Platform-augmented fields on ctx.source
The Poe app platform stamps two extra fields onto every ctx.source (regardless of variant) via TypeScript module augmentation. They are populated by the trusted host kernel from server-side state — never read from app input — and ride through external dispatch automatically (createExternalStoreOrigin carries them from the dispatching source's origin to the target's ctx.source).
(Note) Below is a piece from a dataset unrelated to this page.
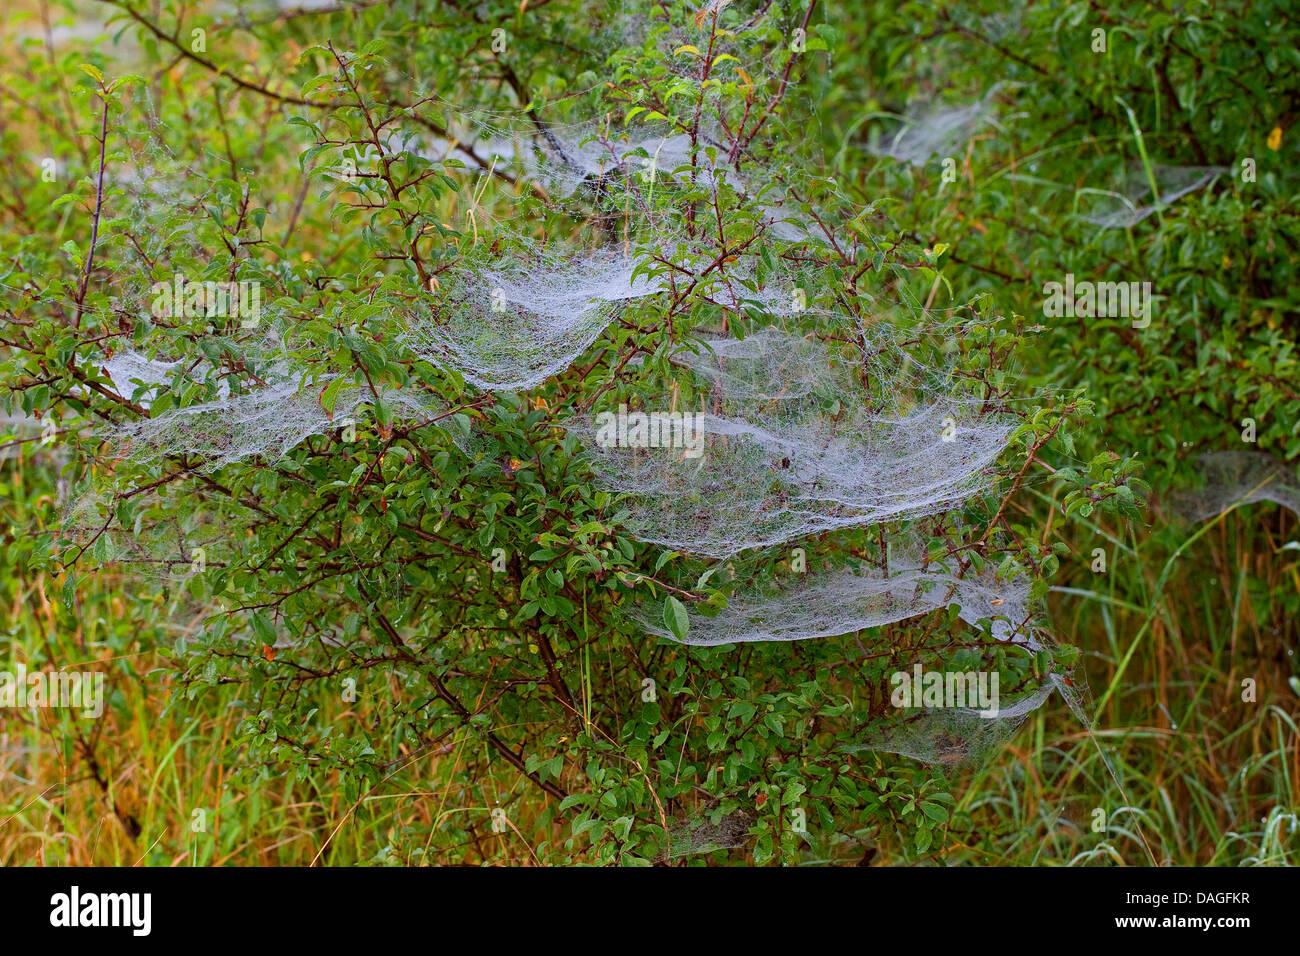 Feuilles-web weaver, tissage de ligne Ligne, araignée Linyphia triangularis (Weaver), Manu Chao avec morningdew, Photo Stock

| Field | Type | Populated when |
|---|---|---|
ctx.source.roomId | string | undefined | The instance was opened with a <poe-app room-id="..."> attribute by the trusted root app, or any descendant inherits the ancestor's roomId. Undefined for out-of-room instances. |
ctx.source.parent | { typeId: string; instanceId: string } | undefined | The instance is a sub-app opened via apps.openChild. Carries the immediate parent's identity — for a 3-level mount the grandchild's parent is the sub-app, not the root. Undefined for root apps. |
typescript
recordOpenedFromContext: async (ctx, input) => {
// Track which app opened this instance (e.g. for breadcrumb UI).
// ctx.source.parent is undefined when the request comes from a root app.
const parent = ctx.source.parent;
await ctx.table("audit").set({
itemKey: input.eventId,
value: { roomId: ctx.source.roomId ?? null, parentTypeId: parent?.typeId ?? null },
});
},These fields are not present on the iframe-side optimistic run of a mutator (platform_fields are stamped host-side, not iframe-side). Read them under ctx.isServer or wait for the server-confirmed row when assertions depend on them.